The first task was simply finding some beetles to study. As I have said, these are no longer common creatures. Forests nowadays tend to be tidy affairs – dead trees are quickly cut down and disposed of, either because they might harbour tree pests and diseases or because they might fall on passers-by. This, combined with pesticide treatment of old buildings, means there are few places left to find creatures that live in dead wood. Fortunately Martin knew of an old church in north Oxfordshire, in the picturesque village of Steeple Aston, which had a large population of death-watch beetles. Every couple of days we would drive up there and search the floor and pews for beetles that had fallen from the ceiling above. We found it was easiest to borrow the broom that was propped in a corner and sweep the dust-bunnies and beetles into a pile, then sort through it. The church was always cool and the beetles always very lethargic, so it was an easy job to gather them up. We could often find twenty or thirty beetles in one visit. Back at the lab, I would place each in an individual plastic pot and keep them all in a cool room until I was ready for them.

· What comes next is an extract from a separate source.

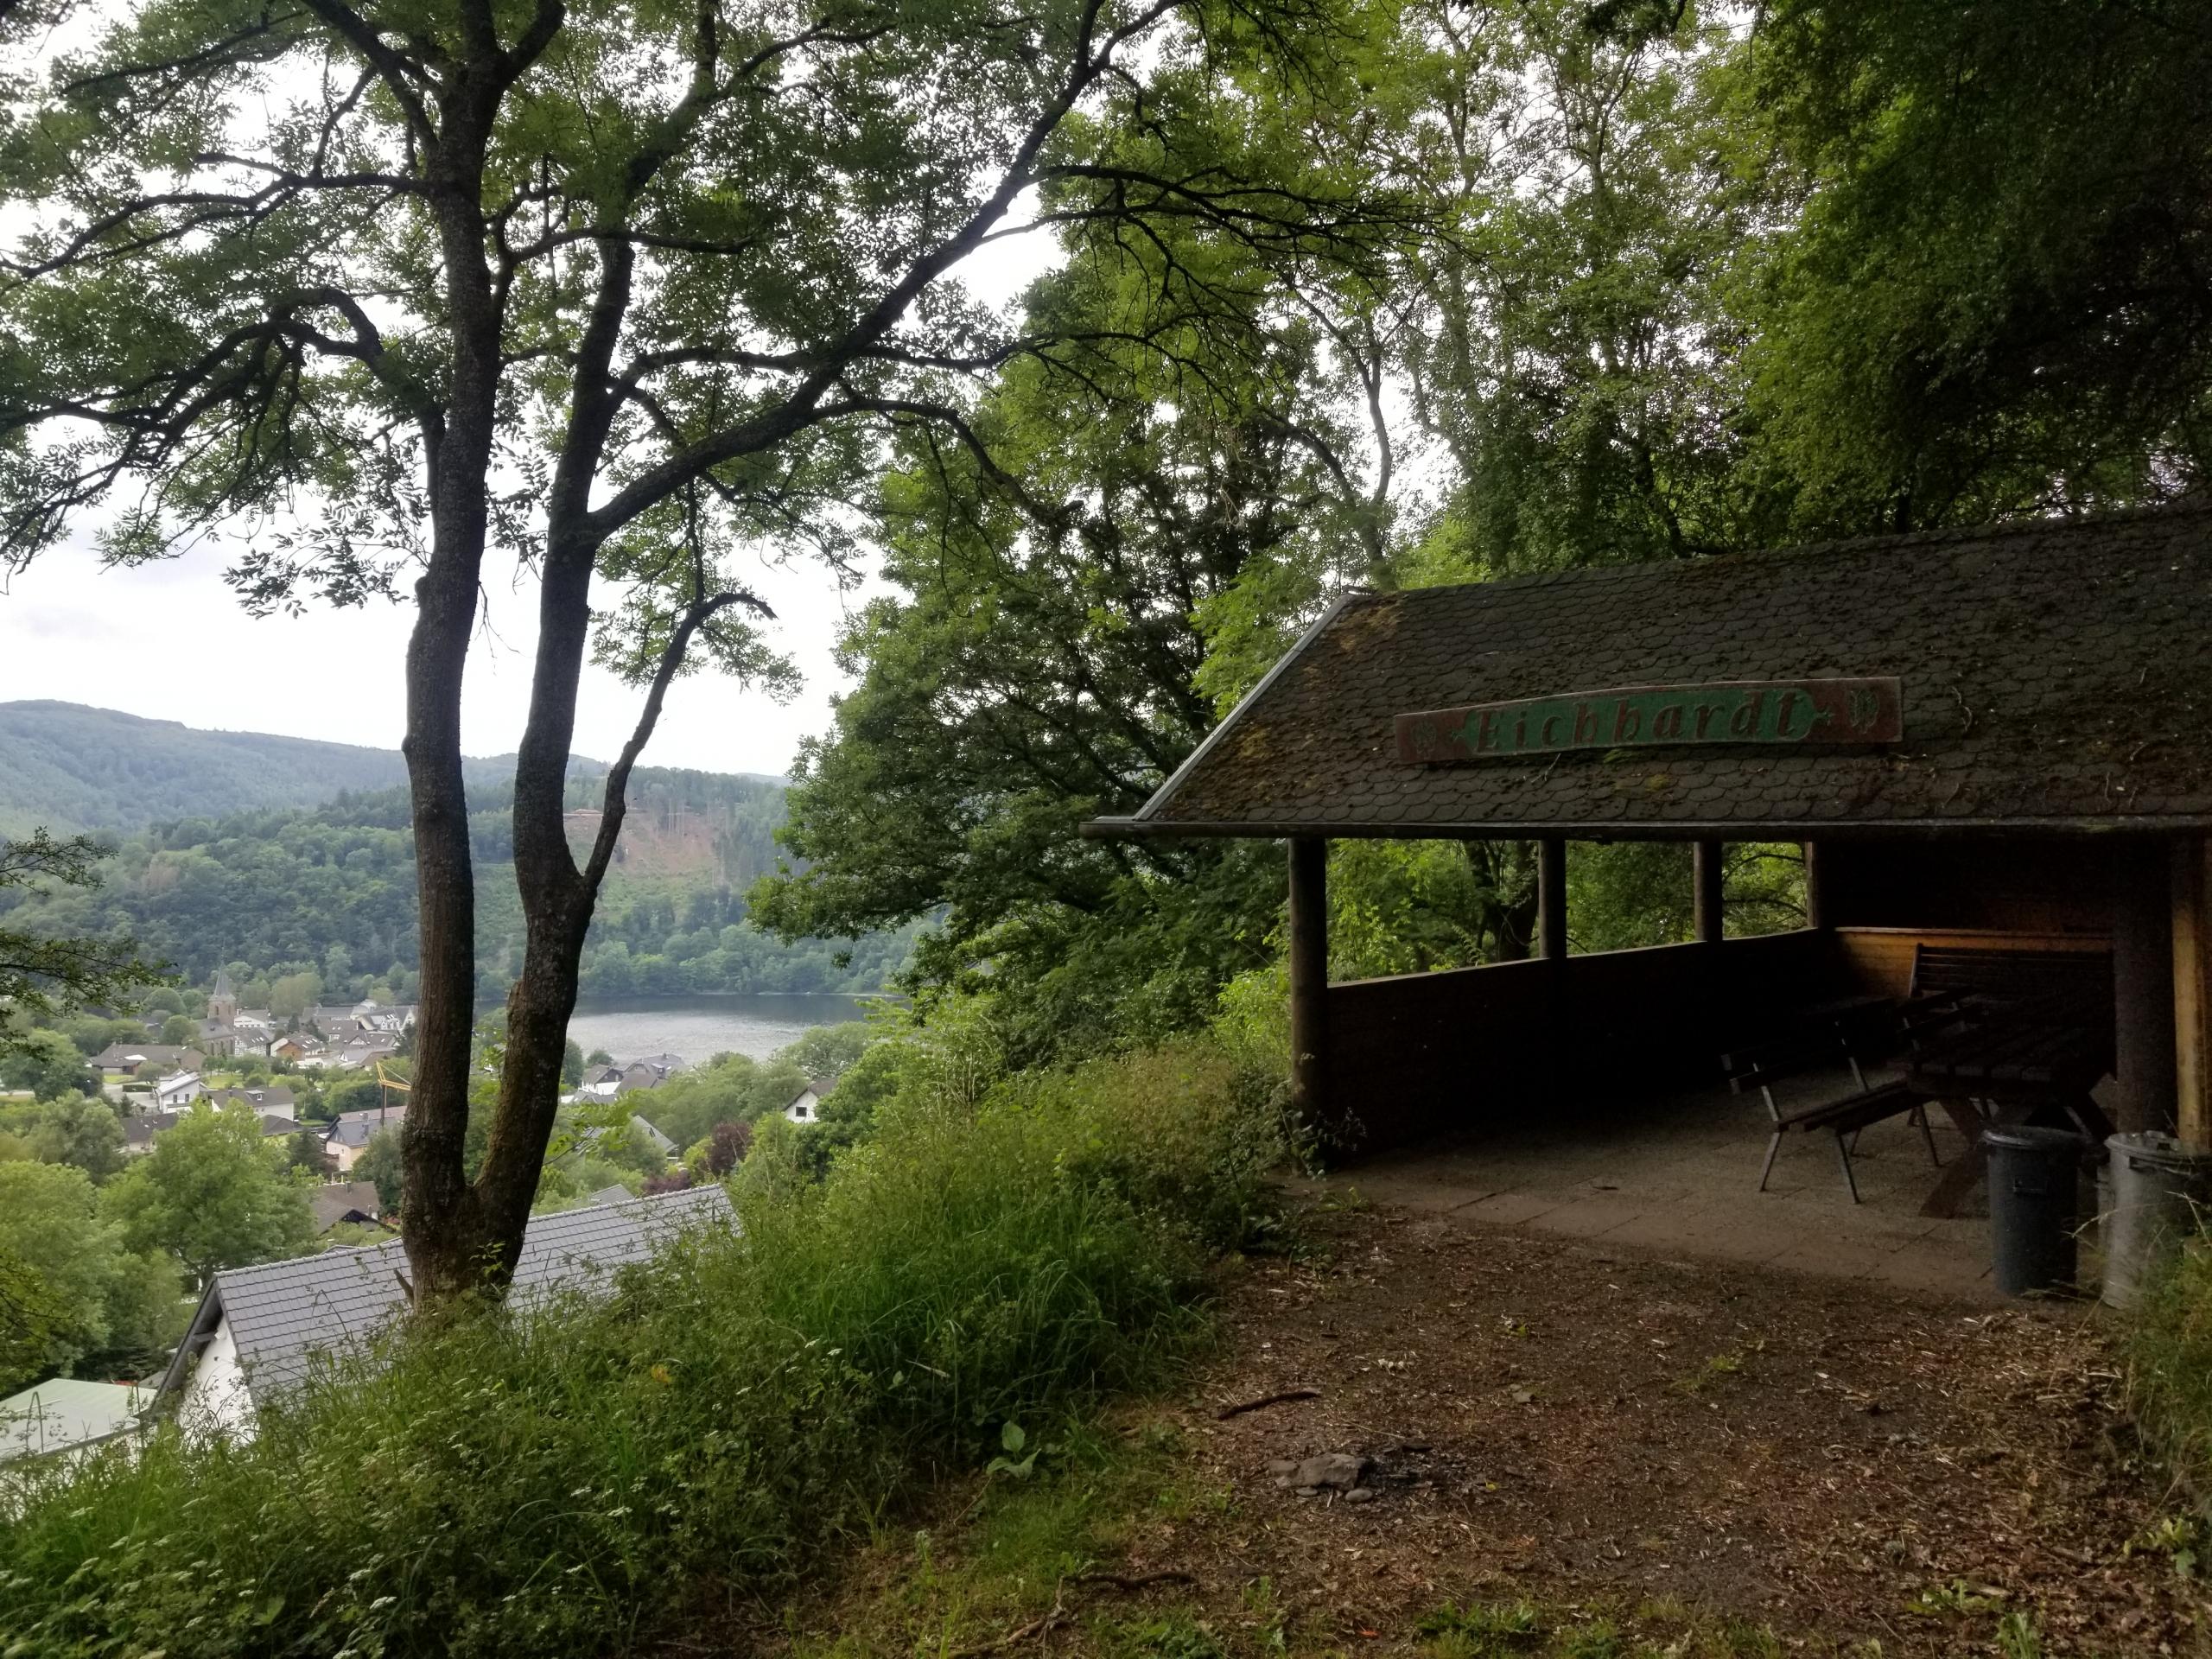 Eichhardthütte

I managed to borrow a huge disc of solid hardwood, a slice of rainforest tree, from the Forestry Department. This gave me a large, flat wooden arena on which to study my beetles. To start with, I would take a virgin female beetle – as ascertained by her willingness to reply to male calls – and place her in the centre of the disc. I would then place a male at the edge and simply watch to see what happened. The answer was, usually, not very much. Either the male would simply sit there or wander off without drumming, showing no interest in finding a mate, or he would drum, but the female would decide that she wasn't in the mood and wouldn't reply. Trying to get both a male and a female interested in each other at the same time was proving tricky, so I hit upon the idea of building an electronic beetle that could play the role of either male or female. It didn't need to look like a beetle, just sound like one. After much fiddling about I ended up with a very crude gadget, the business end of which consisted of an old loudspeaker from a radio, at the centre of which I glued a plastic pipette tip. This was mounted in a clamp stand, so that the tip of the pipette touched my wooden arena. The remainder of the set-up was an untidy bundle of wires and electrical circuits which, at the touch of a button, would send a pulse of electrical signals to the speaker, which would turn them into sound, and this was transferred into vibrations in the wood by the pipette tip. After much adjustment I could mimic the drumming of a beetle and, what is more, if I so chose I could make my robotic beetle drum faster or slower, louder or more quietly, or with more or fewer beats than a real beetle.